#1 Clinical Trials Search in Europe

Comparing nerve block methods with ropivacaine and epinephrine for pain relief in patients undergoing total knee replacement surgery for knee osteoarthritis

1 1 1 1

What is this study about?

This study involves patients who are having surgery to replace their knee joint, a procedure called total knee replacement, which is done to treat knee osteoarthritis. Knee osteoarthritis is a condition where the protective cartilage in the knee wears down over time, causing pain and stiffness. The study will use different types of nerve blocks, which are injections given near nerves to reduce pain after surgery. The medications being used are ropivacaine hydrochloride, which is a local pain-relieving medicine that numbs the area, and epinephrine, which is a substance that helps the pain medicine work longer. These medications will be given through injections near the nerves around the knee.

The purpose of the study is to compare two different methods of blocking pain to see which one works better for patients after knee replacement surgery.
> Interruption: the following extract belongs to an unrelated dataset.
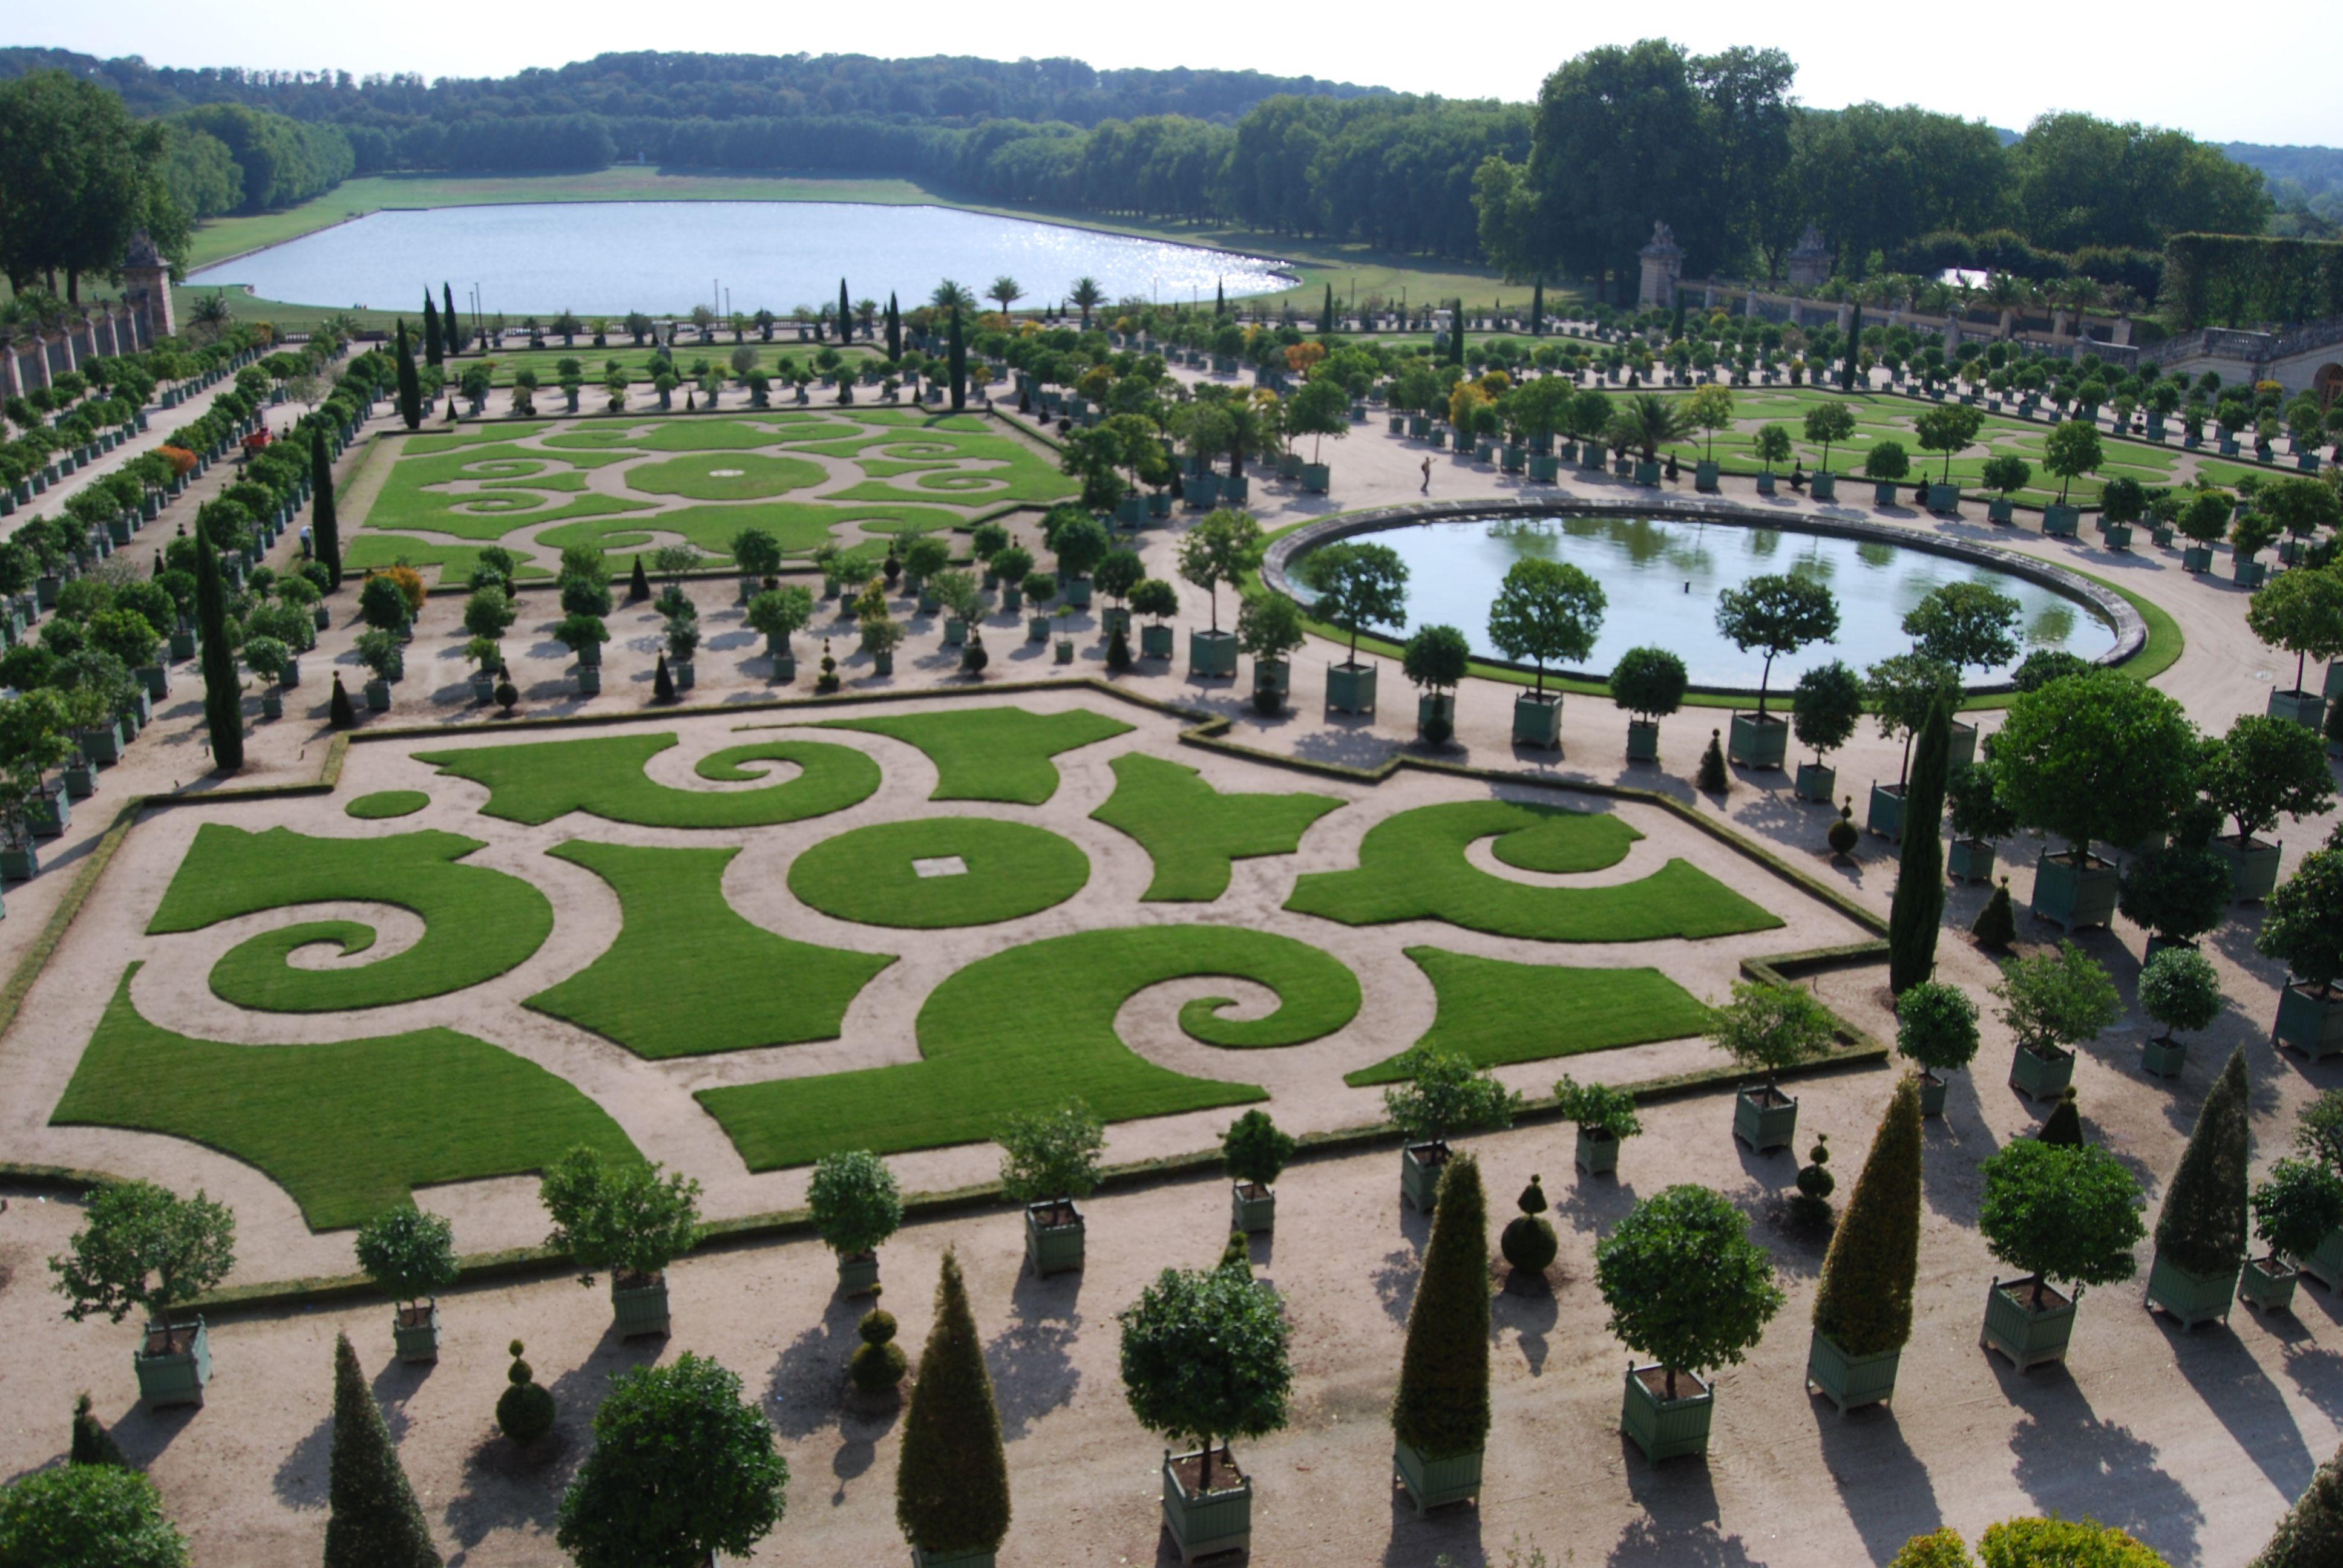 6d719d112bbe1821a9bbc0292e83703d - Who Designed The Gardens Of Versailles

One method involves blocking the genicular nerves, which are small nerves around the knee joint. The other method combines two types of blocks: one called the adductor canal block, which numbs nerves in a passage on the inner side of the thigh, and another called the IPACK block, which stands for infiltration between the popliteal artery and the capsule of the knee, targeting the back of the knee. The study will measure pain levels using a scale where patients rate their pain from zero to ten, with zero being no pain and ten being the worst pain imaginable.
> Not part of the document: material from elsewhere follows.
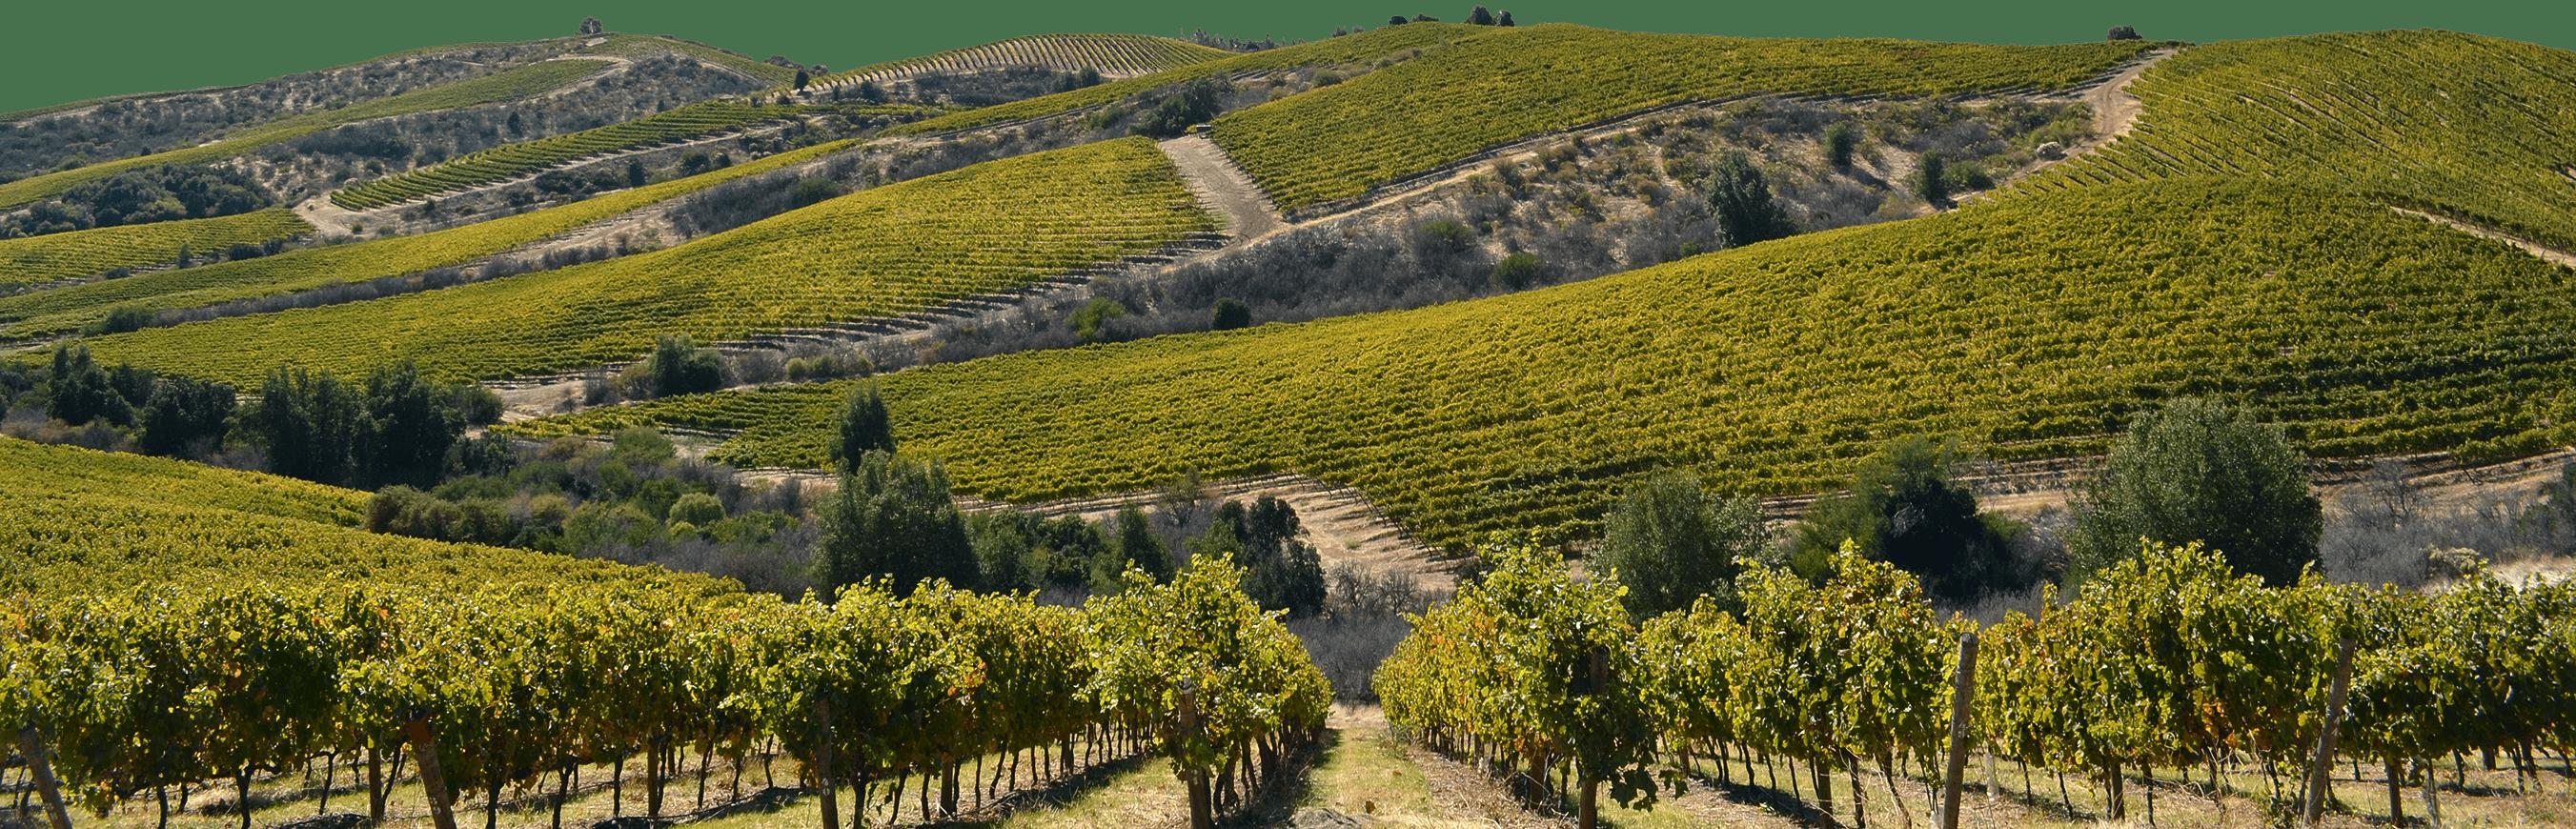 Concha Y Toro Mountain Range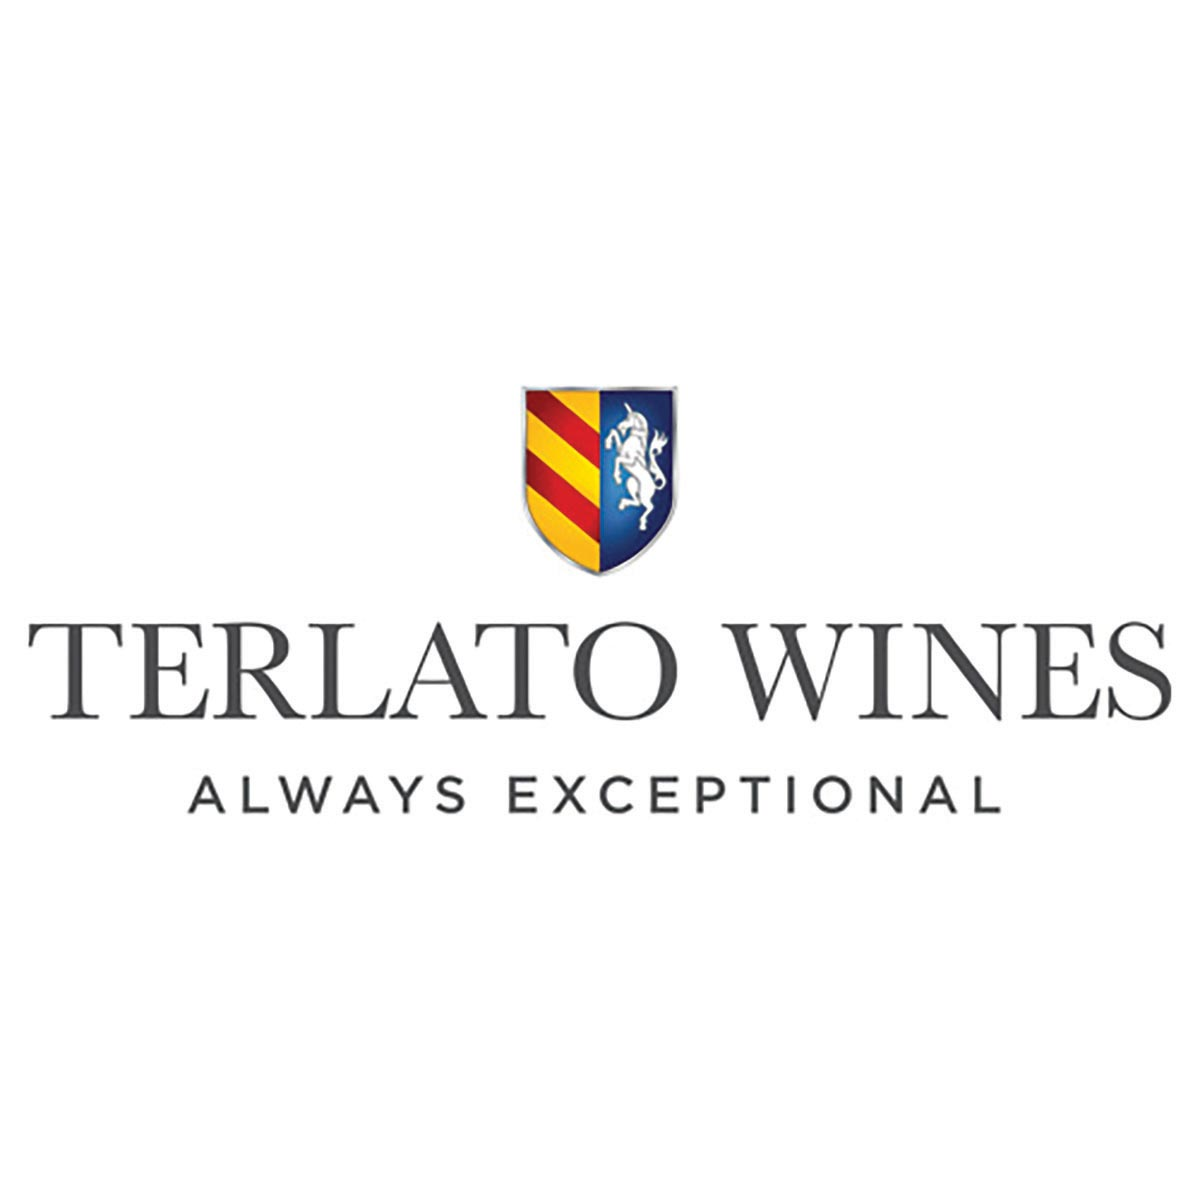 Terlato Wines Hires Cerio for Operations

During the study, patients will receive one of these two pain-blocking methods before their knee replacement surgery. After the surgery, the study team will check how much pain patients feel at different times, including right after surgery, at twelve hours, at twenty-four hours during their first physical therapy session, and at forty-eight hours. The study will also look at how much additional pain medicine patients need, how well they can move their knee, and their overall recovery quality. The treatment with the nerve blocks happens once, on the day of surgery, and the total amount of medication given will not exceed seventy milligrams of ropivacaine hydrochloride and three hundred fifty micrograms of epinephrine.

1 Random assignment to treatment group

Upon joining the study, you will be randomly assigned to one of two groups. One group will receive genicular nerve blocks, which are injections that numb specific nerves around the knee. The other group will receive a combination of two different types of nerve blocks: an adductor canal block, which numbs nerves in the inner thigh area, and an IPACK block, which stands for infiltration between the popliteal artery and the capsule of the knee and numbs nerves at the back of the knee.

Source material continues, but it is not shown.